[GIVEN INFORMATION — start]

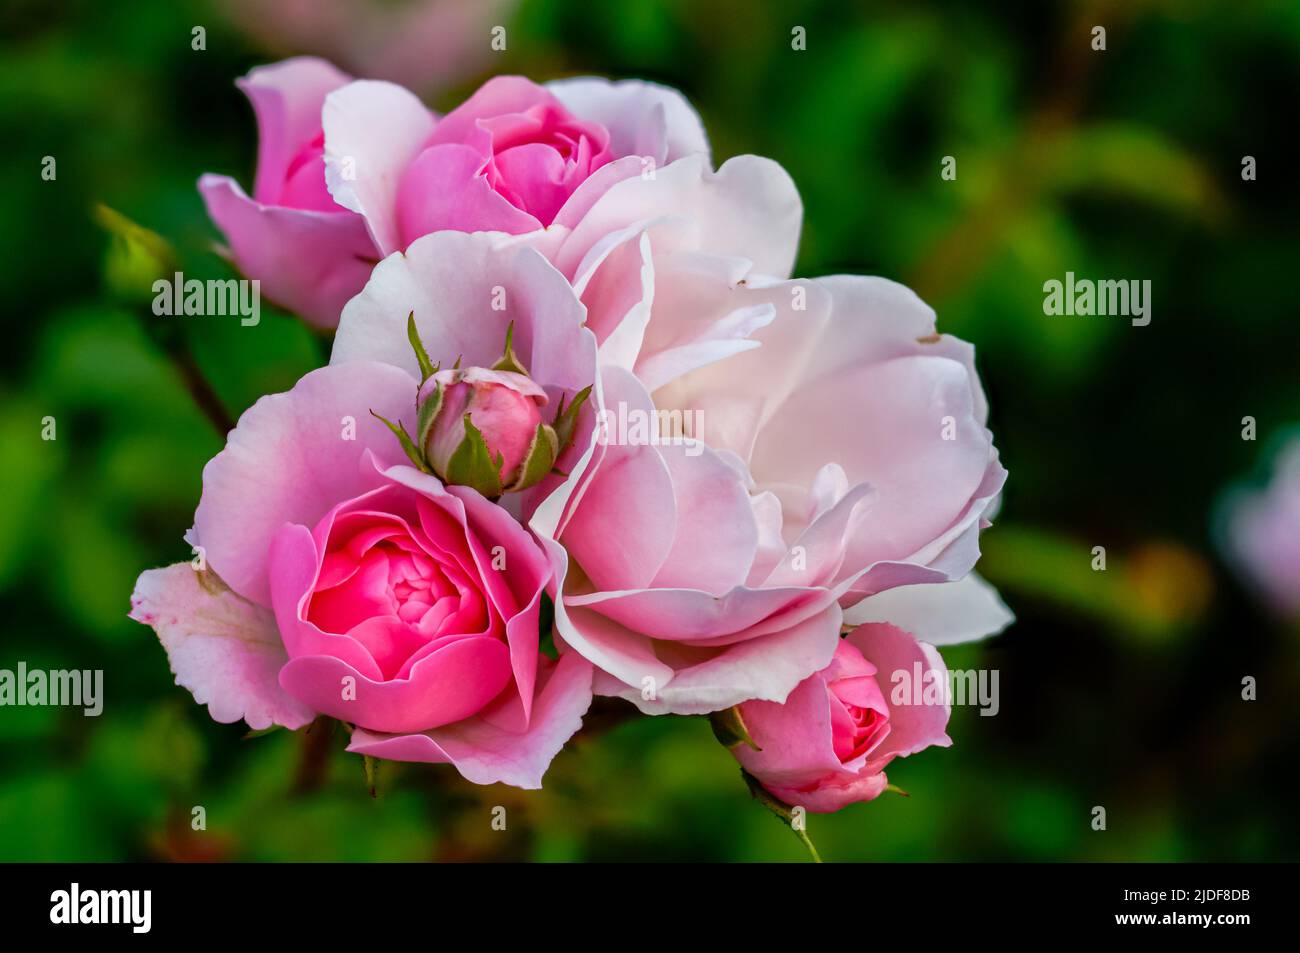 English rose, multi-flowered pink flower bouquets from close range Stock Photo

[GIVEN INFORMATION — finish]
[GIVEN INFORMATION — start]

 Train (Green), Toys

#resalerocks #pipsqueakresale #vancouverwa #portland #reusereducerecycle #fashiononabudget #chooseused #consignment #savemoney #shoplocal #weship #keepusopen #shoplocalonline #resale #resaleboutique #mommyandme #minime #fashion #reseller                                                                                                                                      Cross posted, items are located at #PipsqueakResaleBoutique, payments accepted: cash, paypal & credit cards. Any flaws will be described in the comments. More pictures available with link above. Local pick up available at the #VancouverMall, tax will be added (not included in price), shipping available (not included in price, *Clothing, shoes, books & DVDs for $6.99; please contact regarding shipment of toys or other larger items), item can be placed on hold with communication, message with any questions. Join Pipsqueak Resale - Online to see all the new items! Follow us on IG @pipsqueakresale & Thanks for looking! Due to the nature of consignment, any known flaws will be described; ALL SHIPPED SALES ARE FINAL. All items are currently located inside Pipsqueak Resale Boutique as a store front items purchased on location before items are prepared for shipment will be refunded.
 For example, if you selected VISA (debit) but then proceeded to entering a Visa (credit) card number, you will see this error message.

[GIVEN INFORMATION — finish]
[GIVEN INFORMATION — start]

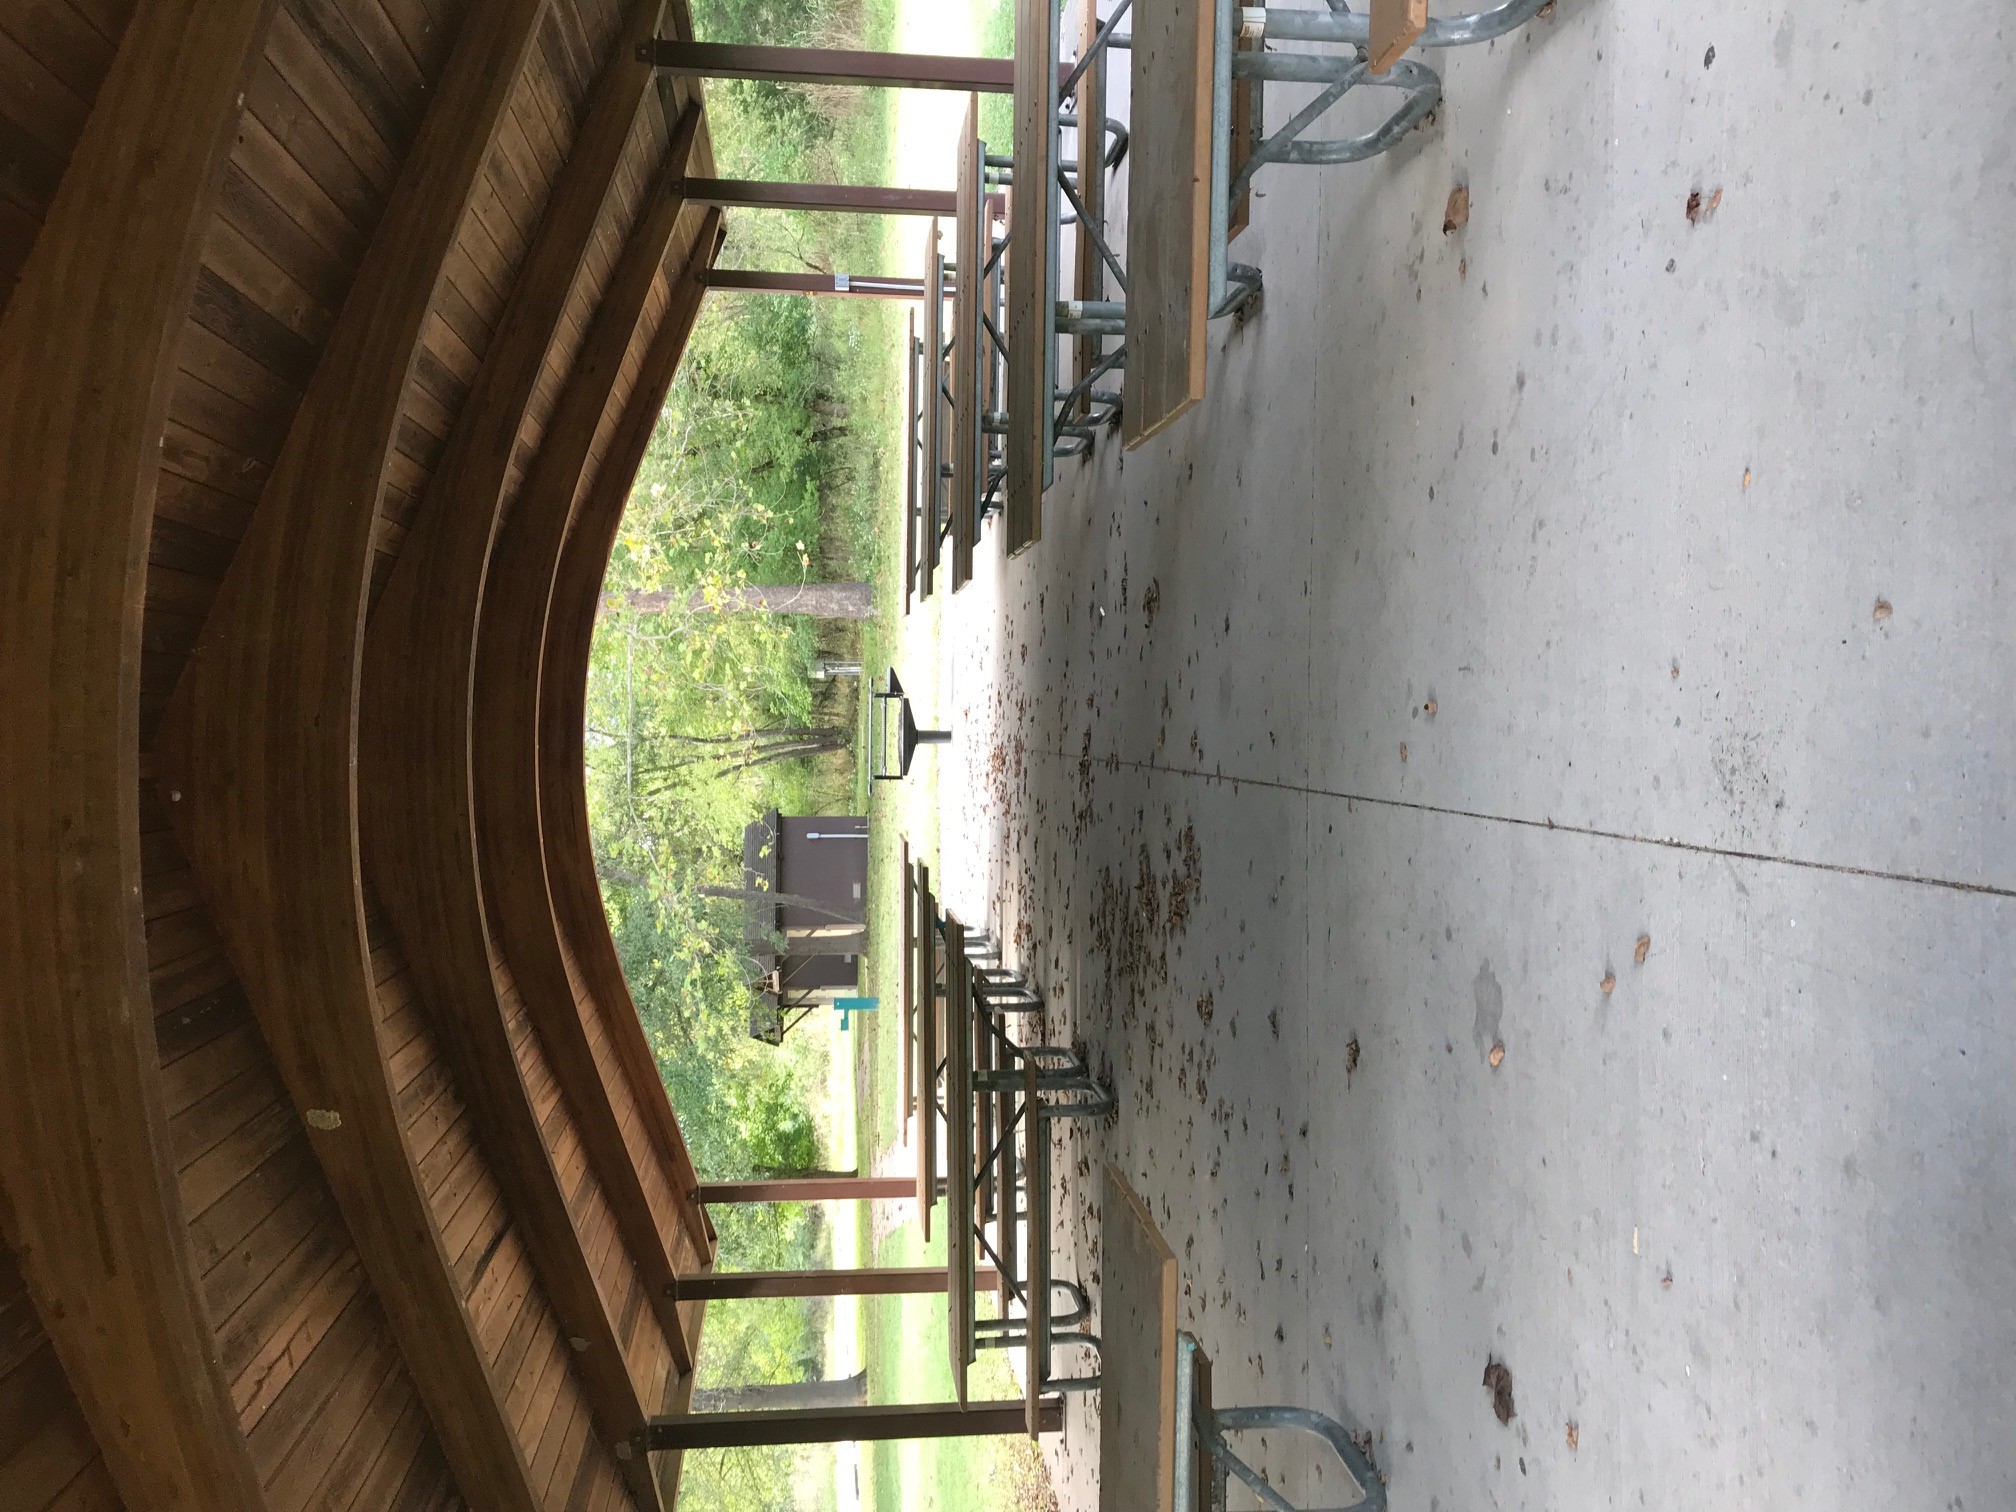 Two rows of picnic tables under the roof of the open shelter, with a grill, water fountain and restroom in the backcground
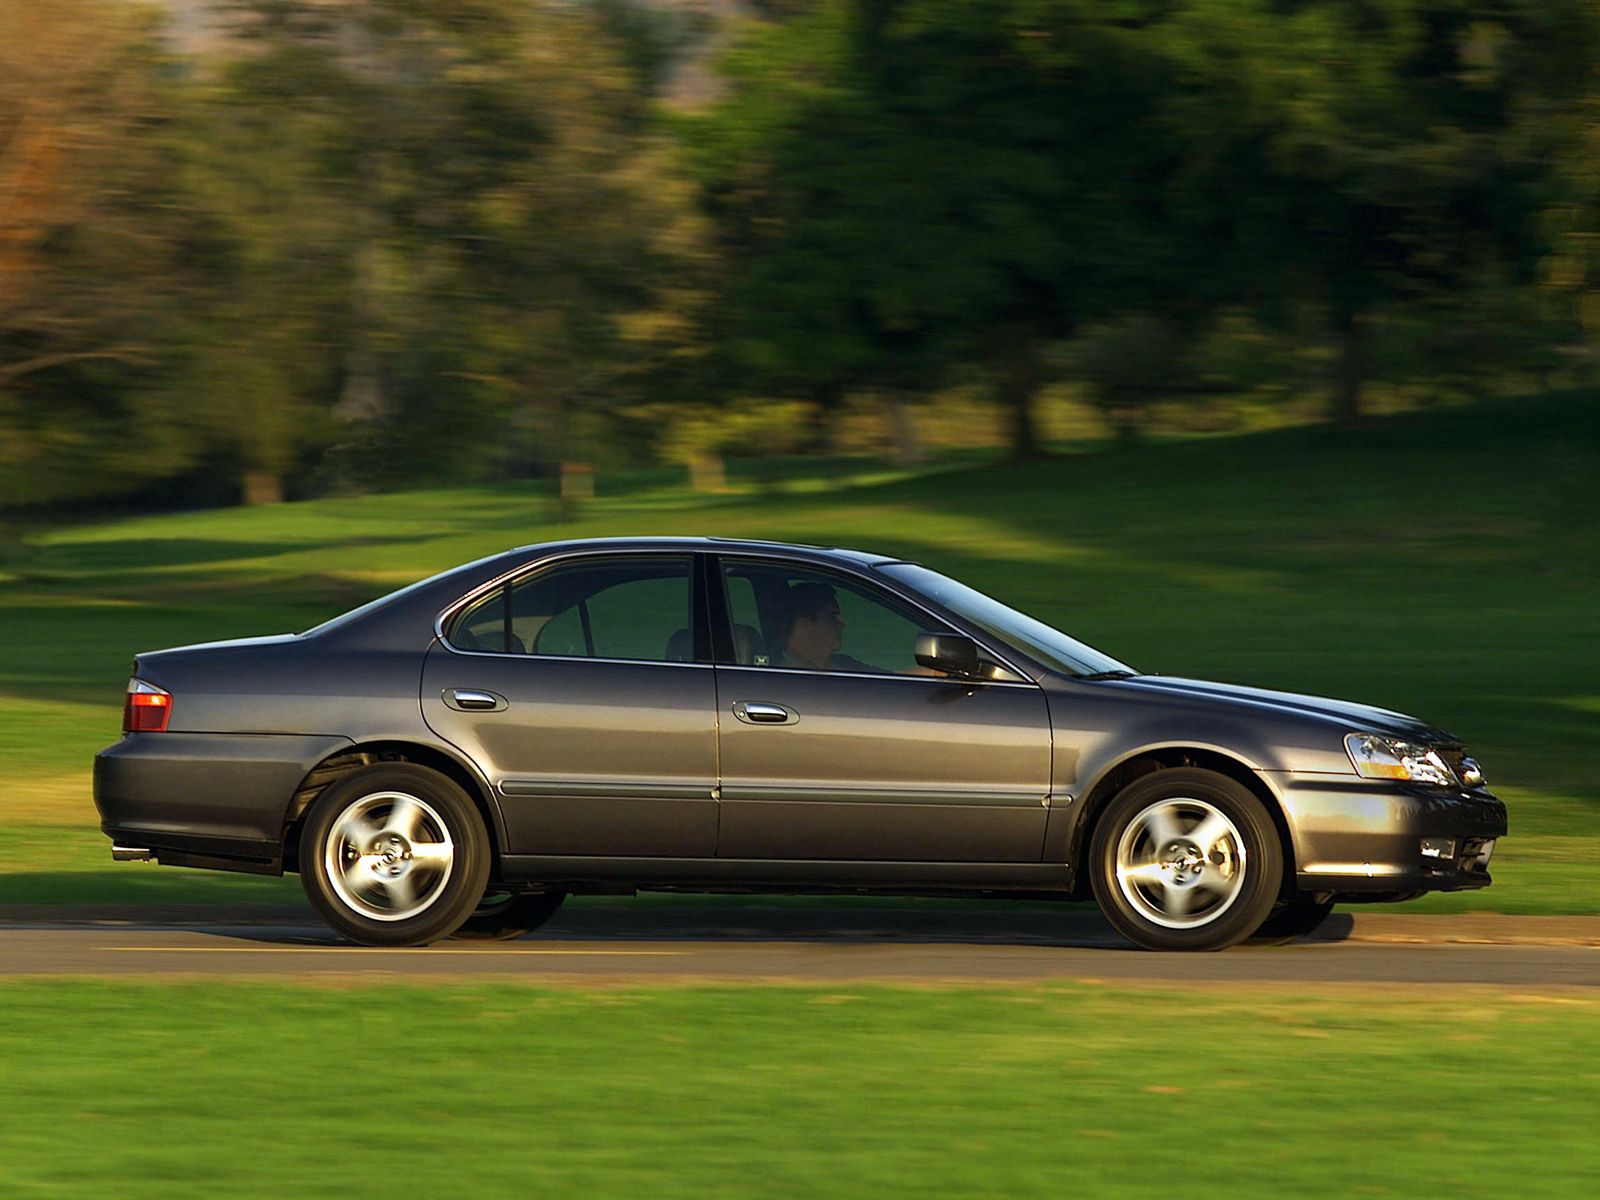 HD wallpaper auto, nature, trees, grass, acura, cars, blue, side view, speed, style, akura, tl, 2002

[GIVEN INFORMATION — finish]

▶ [TASK] Print exactly the lines above that run from the one with "Two rows of" to the one with "HD wallpaper auto, nature, trees, grass, acura, cars, blue, side", both included. No pictures.

▶ [SOLUTION FOR THIS TASK]
 Two rows of picnic tables under the roof of the open shelter, with a grill, water fountain and restroom in the backcground
 HD wallpaper auto, nature, trees, grass, acura, cars, blue, side view, speed, style, akura, tl, 2002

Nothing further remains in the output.